*Work to be completed:*
Any picture in the material should be left out, while all other lines are copied exactly.

*Exercise data:*
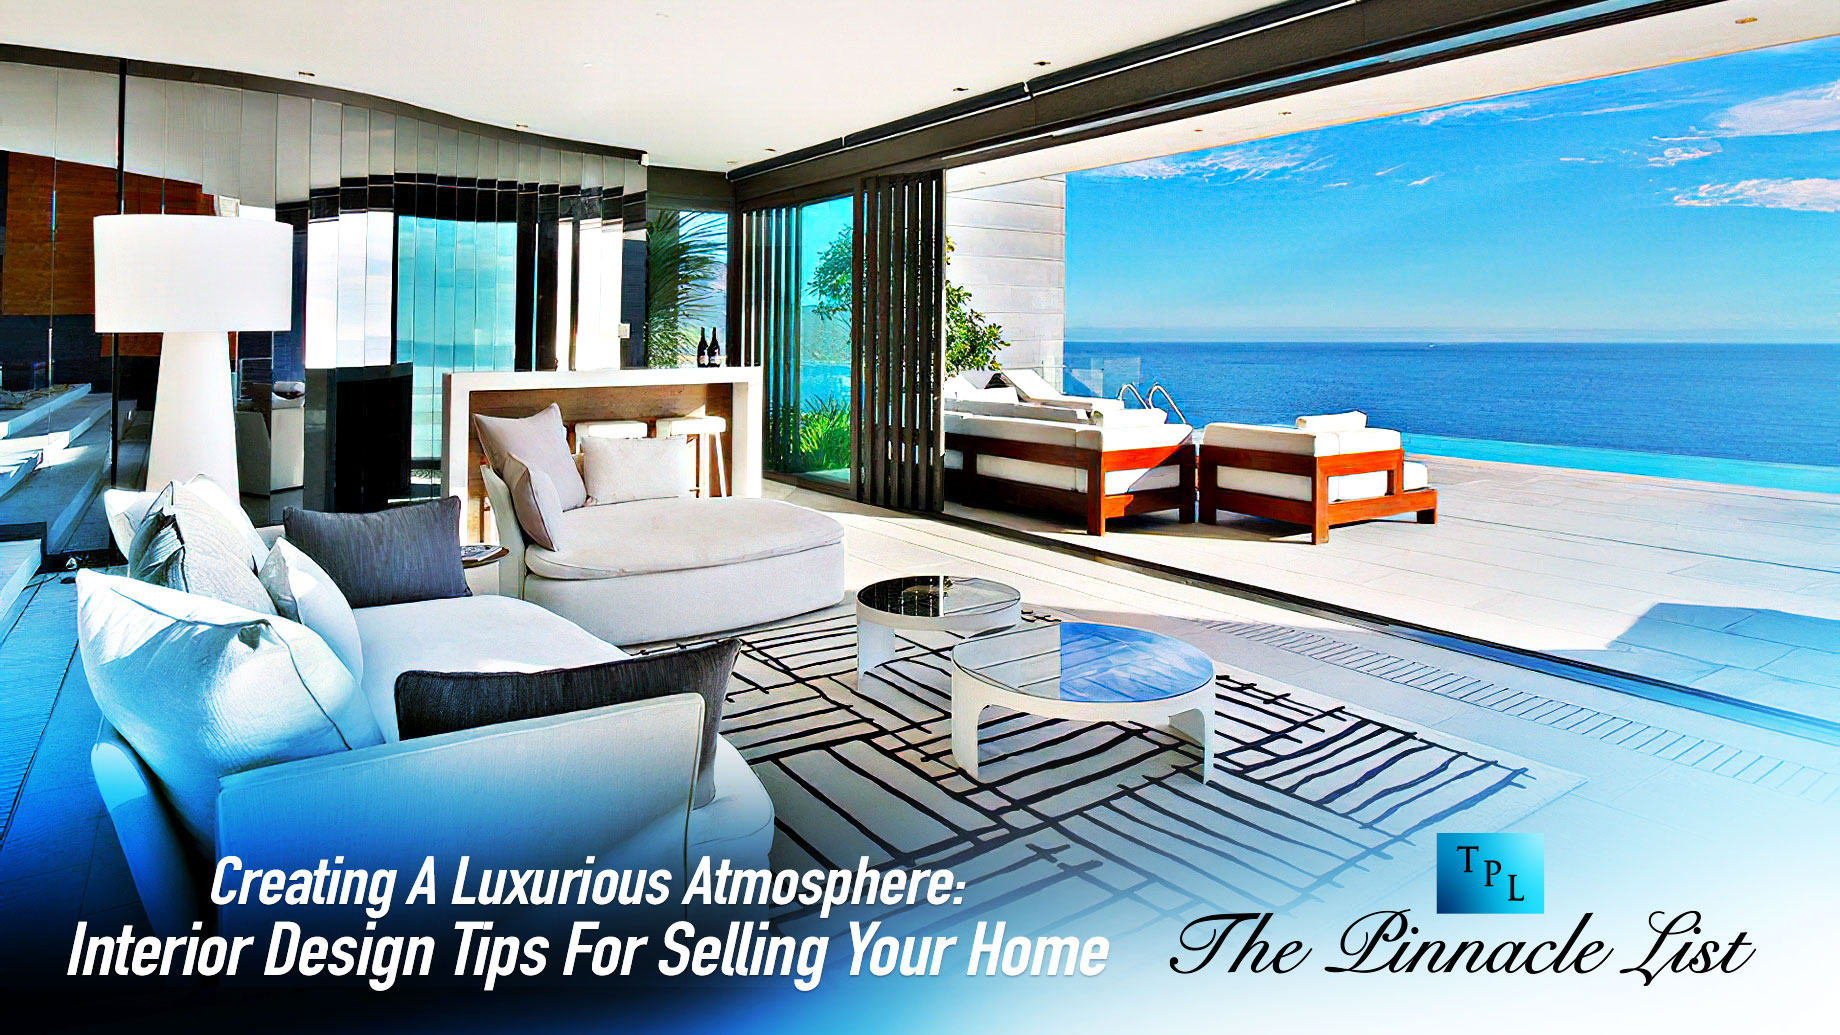 Creating A Luxurious Atmosphere: Interior Design Tips For Selling Your Home
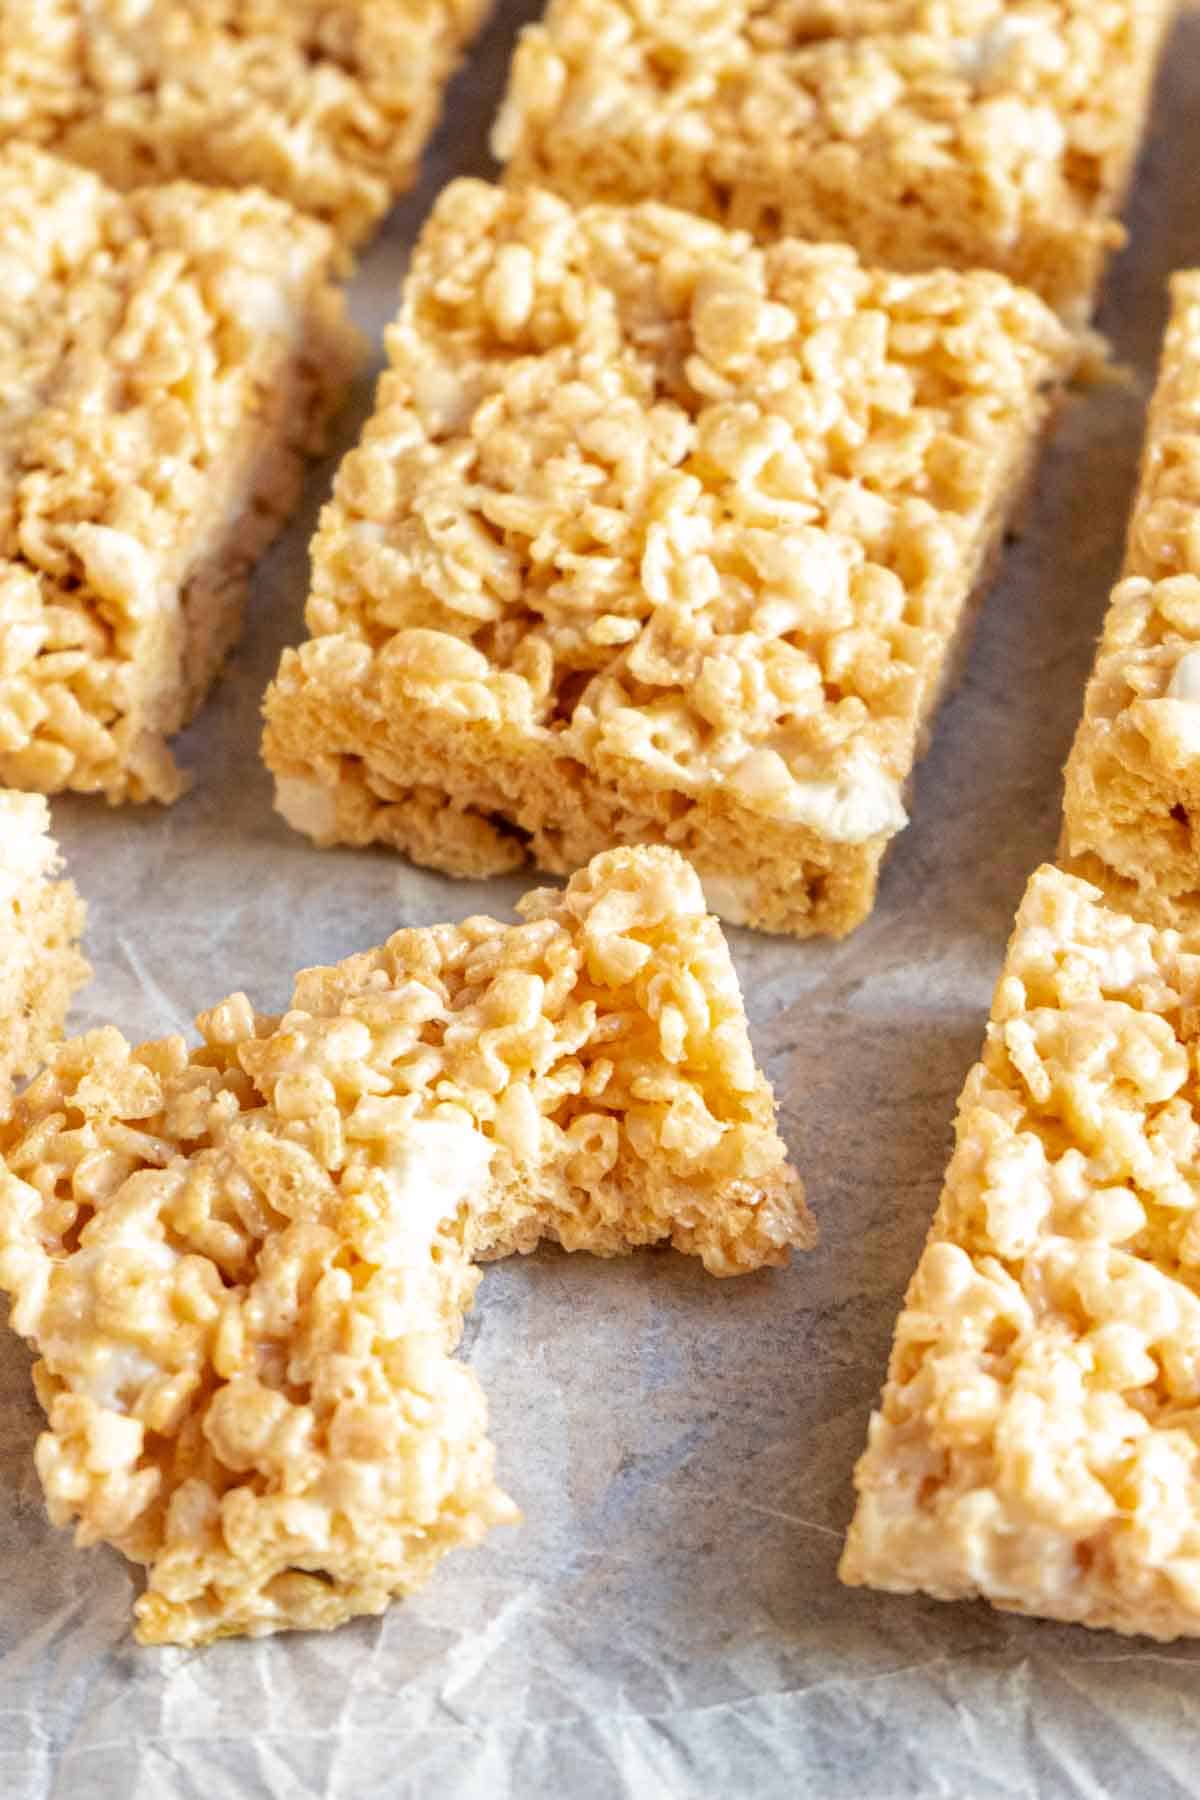 Rice krispies treat with a bite taken out of it.
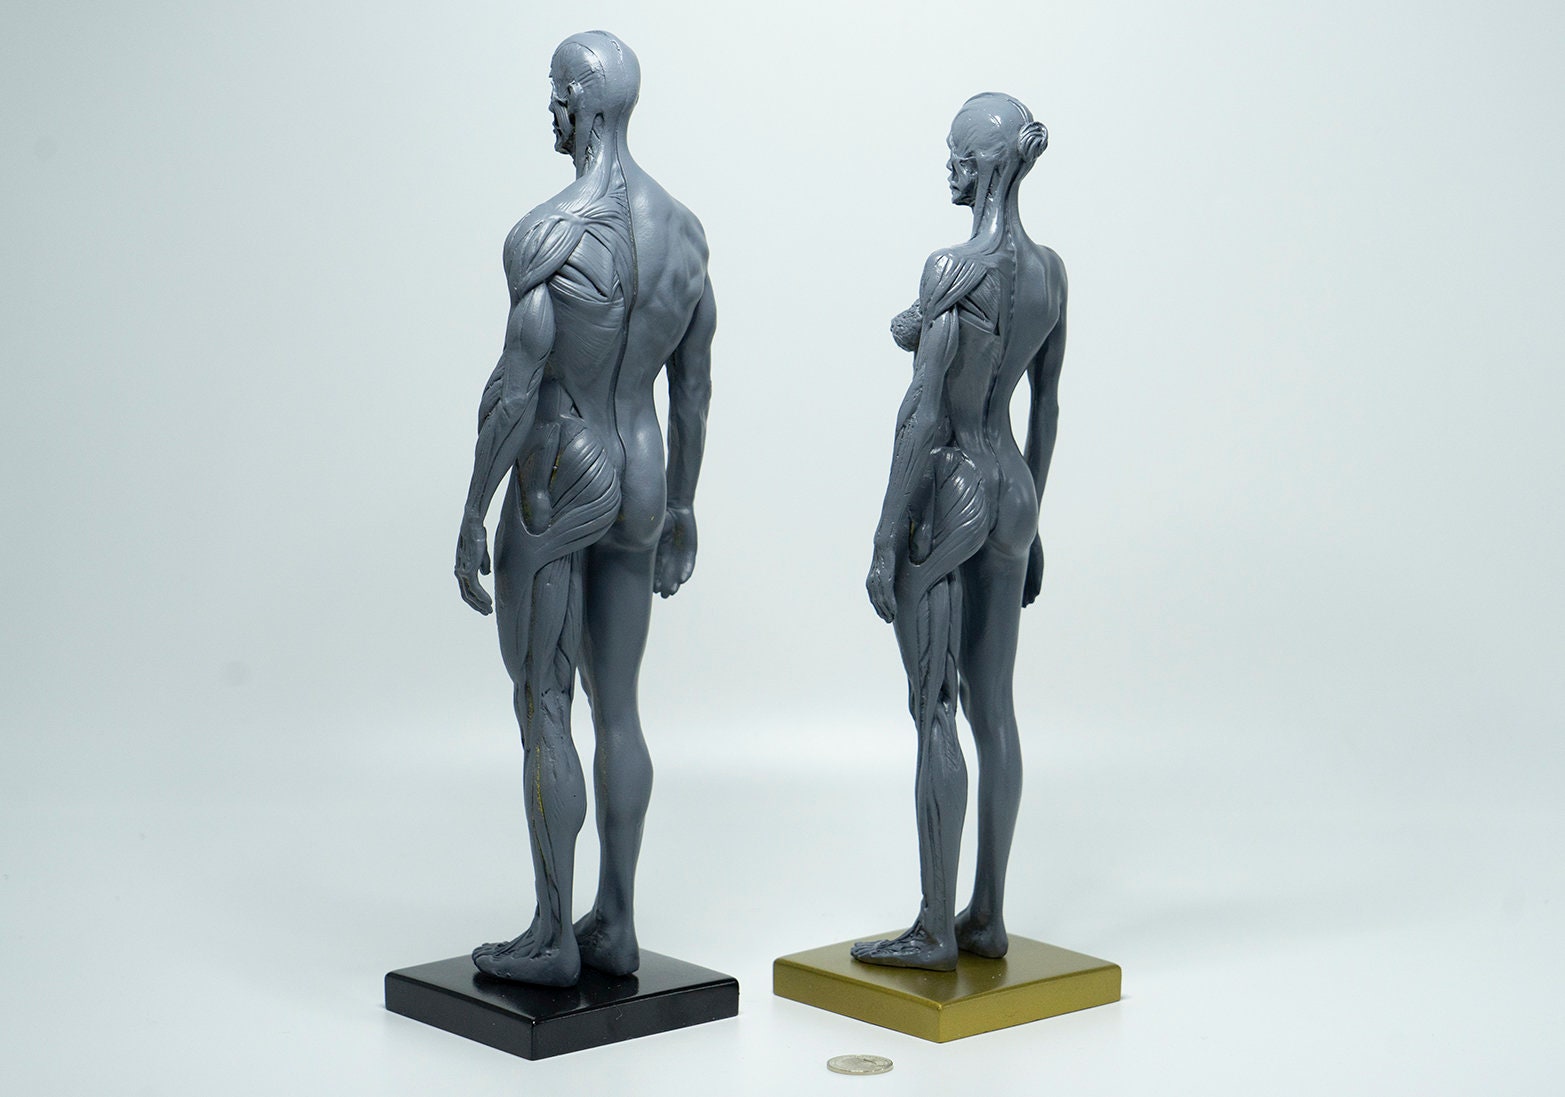 Image of Artist Anatomy Tool - Male & Female Sculpture Statue | Human Body Figure Model for Anatomy Drawing & Visual Art | Art Supplies, Home Decor, Art Student Tools, Muscle Anatomy, Artist Bust

*Response:*
 Creating A Luxurious Atmosphere: Interior Design Tips For Selling Your Home
 Rice krispies treat with a bite taken out of it.
 Image of Artist Anatomy Tool - Male & Female Sculpture Statue | Human Body Figure Model for Anatomy Drawing & Visual Art | Art Supplies, Home Decor, Art Student Tools, Muscle Anatomy, Artist Bust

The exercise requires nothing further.